By not giving much affection to the German Shepherd right before you go and mixing up your leaving routine, he might disassociate your departure with a sense of panic.
Also, try your best to ignore the dog when he starts to whine or whimper. It is really tough to ignore him when he starts to sound displeased.
However, showing more affection to your dog when he gets upset only makes things worse. You need to do your best to keep a distance between your dog and your act of leaving.
In most cases, just re-planning your routine will work excellently at solving the issue of separation anxiety. Considering the severity of the anxiety, you may need to make consistent adjustments to how you interact with the dog and give him something to do when he is bored.
3. Positive reinforcements
Puppies are more like children. They learn much faster when they are rewarded for a behavior. The idea only works if mild anxiety cases. If bad behavior has already taken hold, positive reinforcements might not be a favorable option.
The goal of positive reinforcements is to reward calm behaviors and discourage anxious behaviors such as chewing and barking. Some professionals may refer to it as counter-conditioning since it teaches your dog to embrace his fears for a treat.
4. Be Calm and Maintain a Level of Attachment to the Dog before Departure
Additionally, try to stay calm. This is some advice for you. If you are not calm around your dog, especially at the time of your departure, you might be the cause of the problem. It is not advisable to pour love or make a big deal at the moment of your departure.
Stay calm when preparing to depart. I am not, however forbidding you from bidding your dog goodbye. However, don’t make a fuss out of it.
5. Medication might help at times
If you have tried all the ways listed above but none seems to be working, you might want to try some medication for your German Shepherd.
Just as humans require a doctor’s intervention from time to time, so do German Shepherds. It is always advisable to have a personal veterinary professional for your dog. Getting him checked immediately symptoms arise could help a vet alleviate the issue early enough.

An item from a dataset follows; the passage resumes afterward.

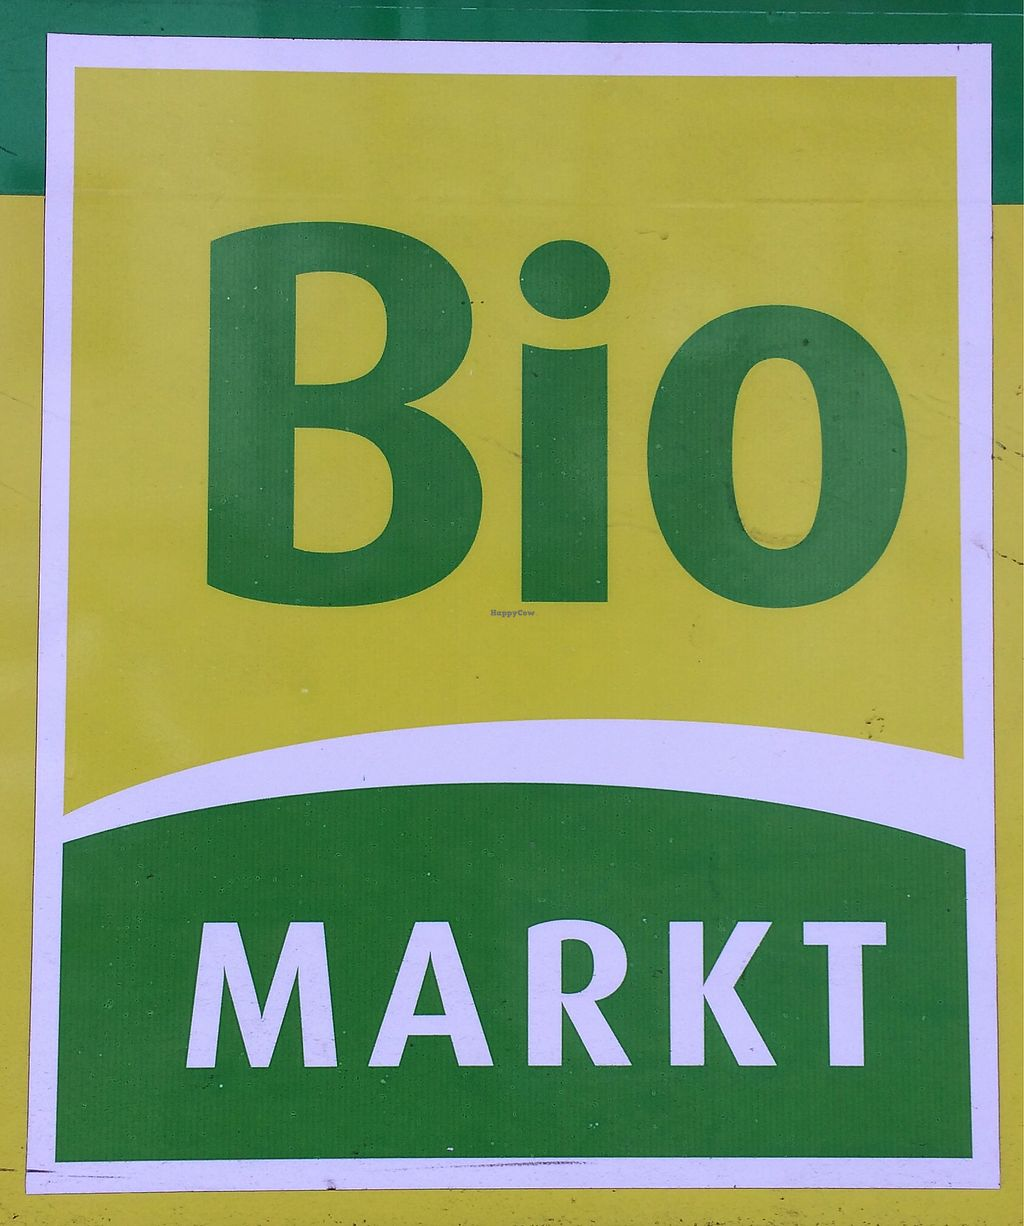 "Photo of Erdi Biomarkt  by <a href=""/members/profile/Carissima"">Carissima</a> <br/>Logo <br/> November 3, 2017  - <a href='/contact/abuse/image/65663/321525'>Report</a>"

While medication should not be your first choice, it is sometimes essential that your German Shepherd seek medical attention during severe anxiety.
What to Avoid Doing to an Anxious German Shepherd
Now that we know what to do to an anxious German Shepherd let us look at the things you should avoid doing around them.
Do Not Yell at Your Dog!
Do not shout at your German Shepherd or punish him when he is undergoing separation anxiety. According to AboutGermanShepherddogs, yelling at your dog will only make the situation worse instead of solving his fear.
Do Not Ignore Separation Anxiety
Separation anxiety is not a behavior that will settle on its own. Just because you cannot punish him for urinating excessively doesn’t mean you can’t discourage him from the behavior. Figure out which parts of the schedule to change and stick to it if it works.
Do Not Ignore Training
Some people simply let the dogs rest if they give signs of separation anxiety. It is essential that the dog gets not only his regular training but also new exercises to keep his mind off your departure.
Dog trainers that specialize in anxiety can be a good source of great tips on new exercises to include in the German Shepherd’s training to ease his anxiety.
Here’s a YouTube video that discusses the signs of separation anxiety and how to resolve the problem.
It is essential that you notice the signs of separation anxiety early on. This will not be difficult with most German Shepherd breeds as they will chew up just about anything and destroy their cages.
When you understand what exactly is keeping your pal anxious, you can take the steps discussed above to resolve it quickly. Getting the help of a specialist in German Shepherd anxiety is advised, especially if your dog’s case is severe.